Sometimes a mutation affects multiple cache keys. For example, completing a todo might update both the todo list and a separate "stats" endpoint:

interface Stats {
total: number;
completed: number;
}

const getStats = client.createRequest<{ response: Stats }>()({
endpoint: "/todos/stats",
method: "GET",
});

const completeTodo = client
.createRequest<{
response: Todo;
payload: { completed: true };
}>()({
endpoint: "/todos/:todoId/complete",
method: "PATCH",
})
.setOptimistic(({ client, request }) => {
const todoId = Number(request.params?.todoId);

// Snapshot both caches
const todosSnapshot = client.cache.get(getTodos.cacheKey);
const statsSnapshot = client.cache.get(getStats.cacheKey);

// Update the todo list
client.cache.update(getTodos, (prev) => ({
...prev,
data: prev.data.map((t) => (t.id === todoId ? { ...t, completed: true } : t)),
}));

// Update the stats counter
if (statsSnapshot?.data) {
client.cache.update(getStats, (prev) => ({
...prev,
data: { ...prev.data, completed: prev.data.completed + 1 },
}));
}

return {
context: { todoId },
rollback: () => {
if (todosSnapshot) client.cache.set(getTodos, todosSnapshot);
if (statsSnapshot) client.cache.set(getStats, statsSnapshot);
},
invalidate: [getTodos, getStats],
};
});
Cross-cache rollback

When rolling back multiple cache keys, use cache.set with full snapshots to avoid partial state.

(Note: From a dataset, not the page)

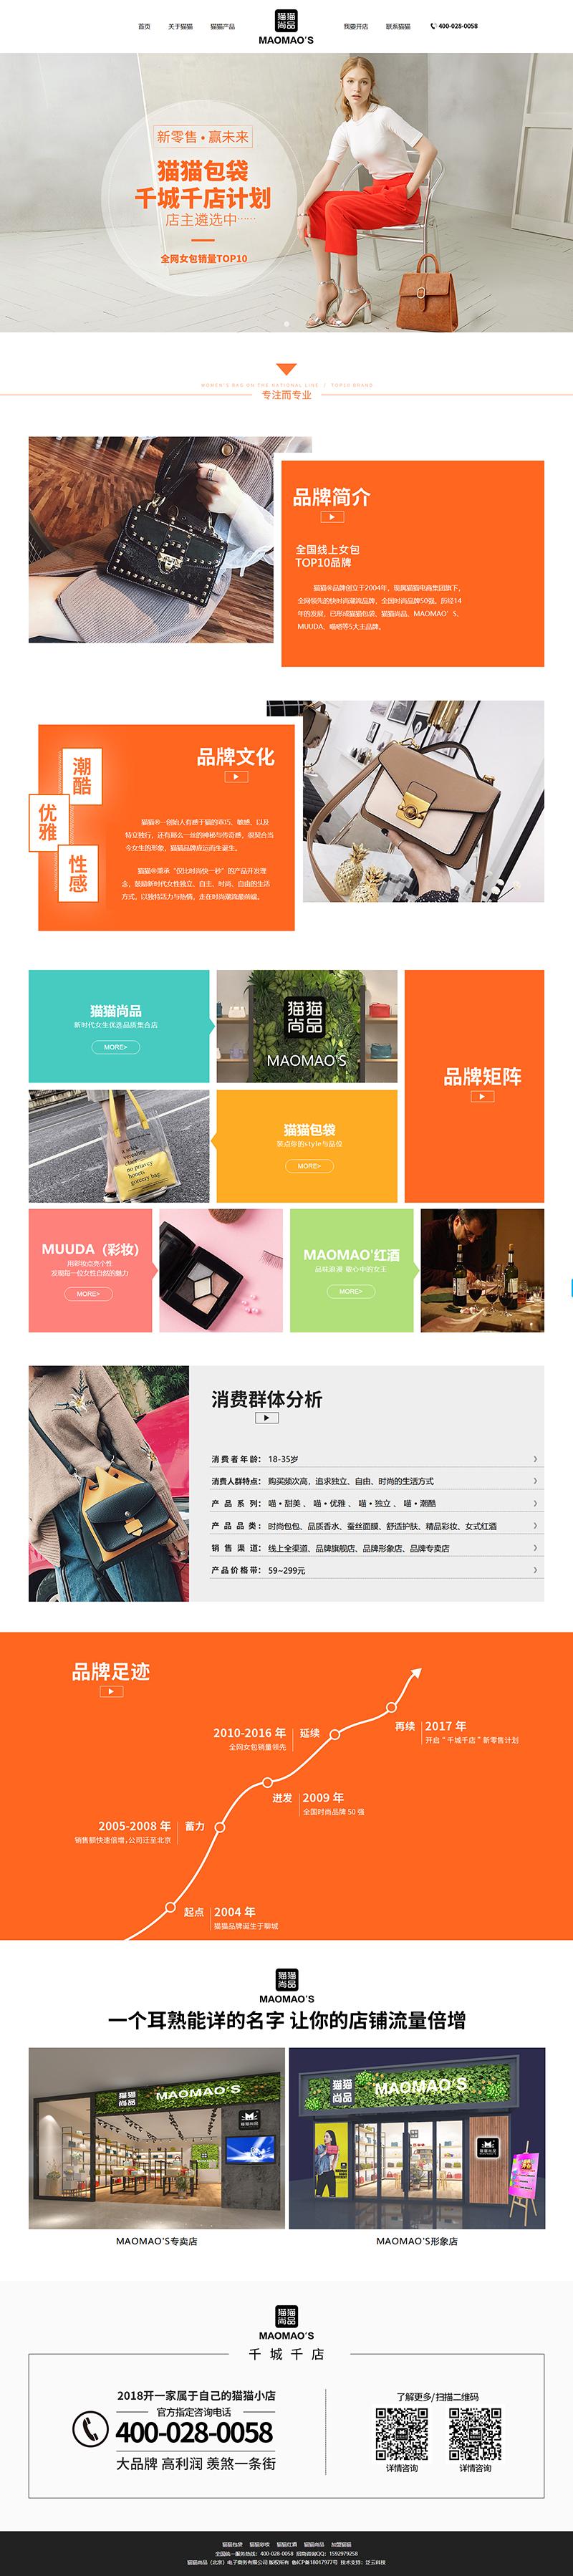 猫猫尚品-北京电子商务有限公司

If multiple mutations modify overlapping caches concurrently, consider using per-item rollback instead of full snapshots.


Batch Operations

For operations like "complete all" or "delete selected," apply the same per-item principle at scale:

const completeAll = client
.createRequest<{
response: { updated: number };
payload: { todoIds: number[] };
}>()({
endpoint: "/todos/complete-all",
method: "POST",
})
.setOptimistic(({ client, payload }) => {
const idsToComplete = new Set(payload.todoIds);

// Snapshot only the items being changed
const currentList = client.cache.get(getTodos.cacheKey);
const previousItems = currentList?.data?.filter((t) => idsToComplete.has(t.id)) ?? [];

client.cache.update(getTodos, (prev) => ({
...prev,
data: prev.data.map((t) => (idsToComplete.has(t.id) ? { ...t, completed: true } : t)),
}));

return {
context: { completedIds: payload.todoIds },
rollback: () => {
// Restore each item to its previous state
const prevMap = new Map(previousItems.map((t) => [t.id, t]));
client.cache.update(getTodos, (prev) => ({
...prev,
data: prev.data.map((t) => prevMap.get(t.id) ?? t),
}));
},
invalidate: [getTodos],
};
});

Guidelines

ScenarioRollback strategyWhy
Single item in a listSnapshot the item, restore by IDOther concurrent mutations are unaffected
Toggle (on/off)Store the previous value, flip backSimple, no snapshot object needed
Create (add to list)Filter out by temp IDSee the basic guide
Cross-cache updateSnapshot each cache key, restore allAtomic revert across caches
Batch operationSnapshot affected items, restore by ID mapSame as single-item, scaled
Key takeaway

The fundamental rule for concurrent optimistic updates: scope your snapshot and rollback to the smallest unit of change. Snapshot the item, not the list. Rollback the item, not the world. This makes multiple in-flight mutations independent of each other.